For $i\in\{1,2\}$ let $A_i$ be a commutative ring with unity whose additive group is free and finitely-generated. Assume that $A_i$ is connected in the sense that $0$ and $1$ are unique solutions of the equation $x^2=x$ in $A_i$. Denote by $\mu(A_i)$ the group of roots of unity of $A_i$, i.e., the elements of finite multiplicative order in $A_i$.
Problem. Is the map $$\mu(A_1)\times\mu(A_2)\ \longrightarrow\ \mu(A_1\otimes_{\mathbb Z}A_2),\;\;(u,v)\ \longmapsto\ u\otimes v,$$
surjective?
(The problem is posed 9.07.2018 by Tristan Tilly from Leiden University on page 25 of Volume 2 of the Lviv Scottish Book).
Prize for solution: An eternal welcome in Netherlands, and a bottle of liquor of your choice.
Best Answer
$\def\ZZ{\mathbb{Z}}\def\QQ{\mathbb{Q}}\def\Spec{\mathrm{Spec}}\def\fp{\mathfrak{p}}\def\fq{\mathfrak{q}}\def\FF{\mathbb{F}}$This is one of two answers recording my partial progress.
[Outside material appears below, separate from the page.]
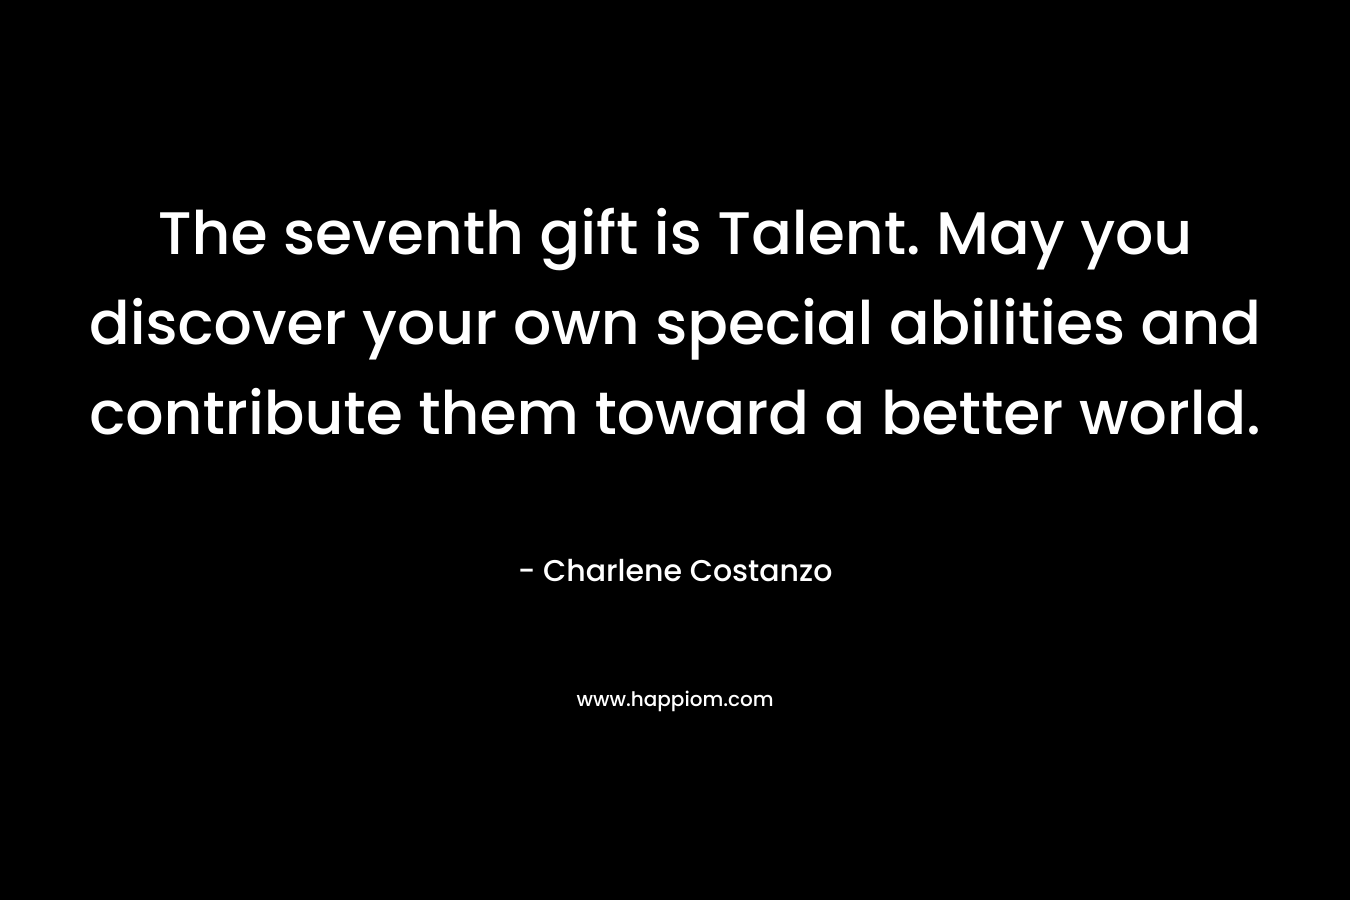 The seventh gift is Talent. May you discover your own special abilities and contribute them toward a better world. – Charlene Costanzo
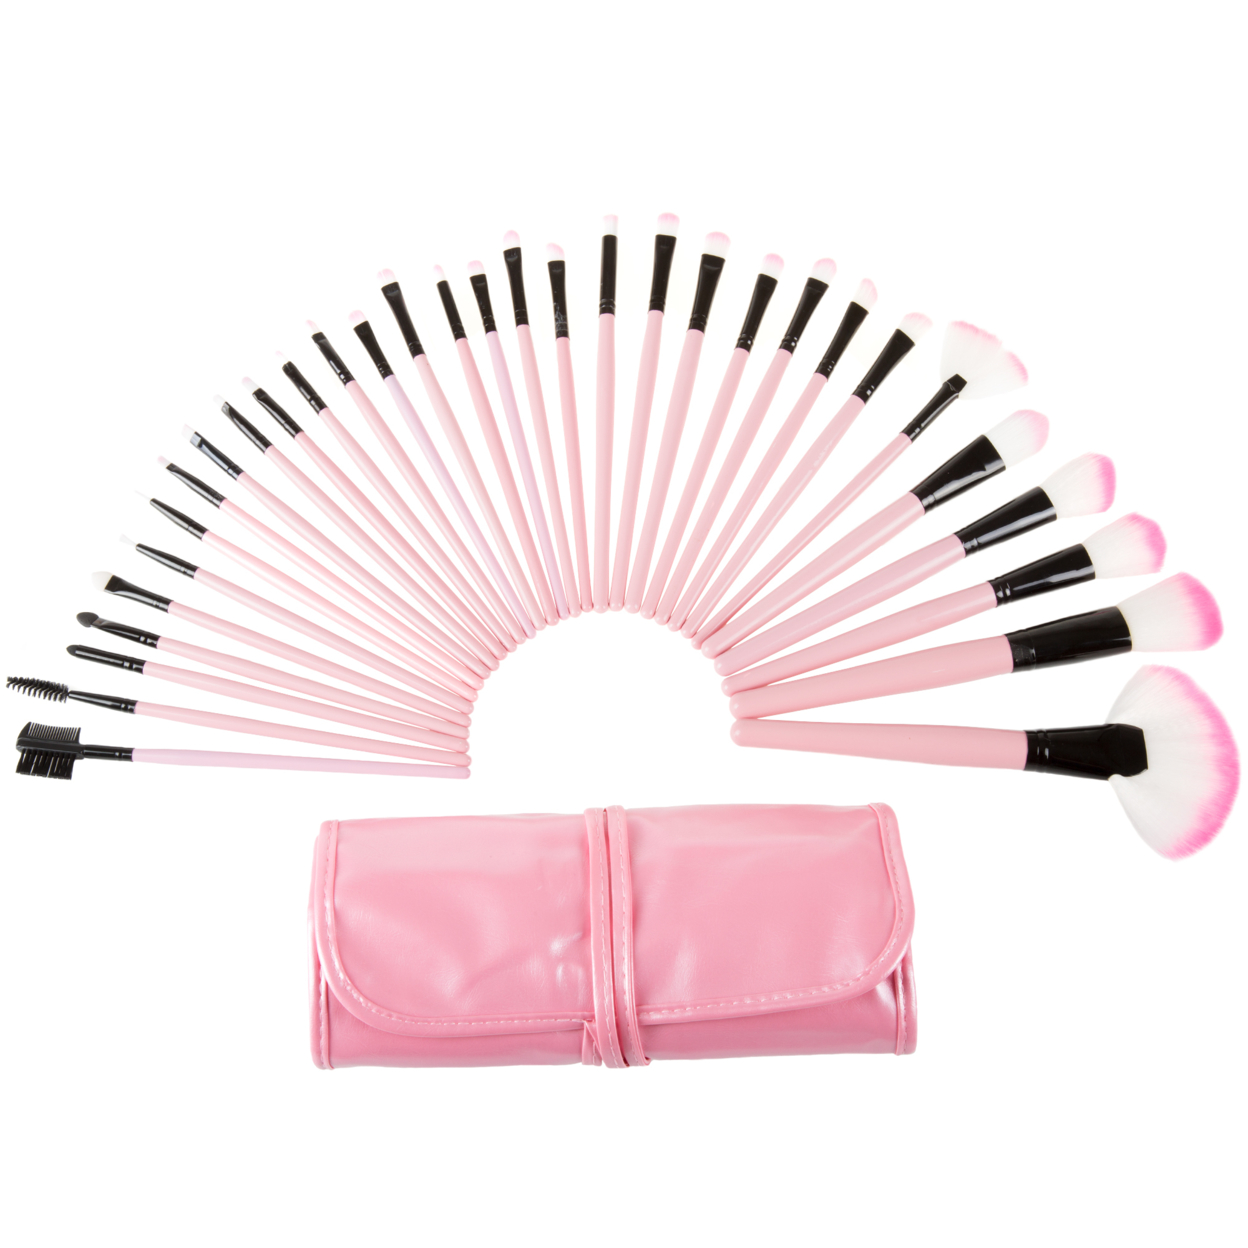 Everyday Home 32 Piece Makeup Brush Set With Pink Pouch

The point of this answer is to show that it is enough to resolve the question for the case where $A_1=A_2$ and both are the ring of integers of a number field $K$, with $K$ Galois over $\QQ$ and ramified only at $p$ and $\infty$ (for some prime $p$). The other answer will contain my partial progress on that problem.
We begin with the following observation: Let $A_1 \subseteq B_1$ and $A_2 \subseteq B_2$ be free $\ZZ$-modules. Let $\zeta$ be an element of $A_1 \otimes A_2$ which factors as $b_1 \otimes b_2$ in $B_1 \otimes B_2$, and suppose that $b_1$ and $b_2$ are not divisible (in $B_1$ and $B_2$) by any integer $k \geq 2$. Then $b_j \in A_j$. Proof: Let $\pi_j$ be the projection $B_j \to B_j/A_j$. Since $\zeta \in A_1 \otimes A_2$, we have $(\pi_1 \otimes \mathrm{Id})(\zeta) =0$. So $\pi_1(b_1) \otimes b_2=0$ in $(B_1 / A_1) \otimes B_2$. Since $B_2$ is free over $\mathbb{Z}$ and $b_2$ is not divisible by any integer $\geq 2$, this means that $\pi_1(b_1)=0$, so $b_1 \in A_1$. Similarly, $b_2 \in A_2$. $\square$.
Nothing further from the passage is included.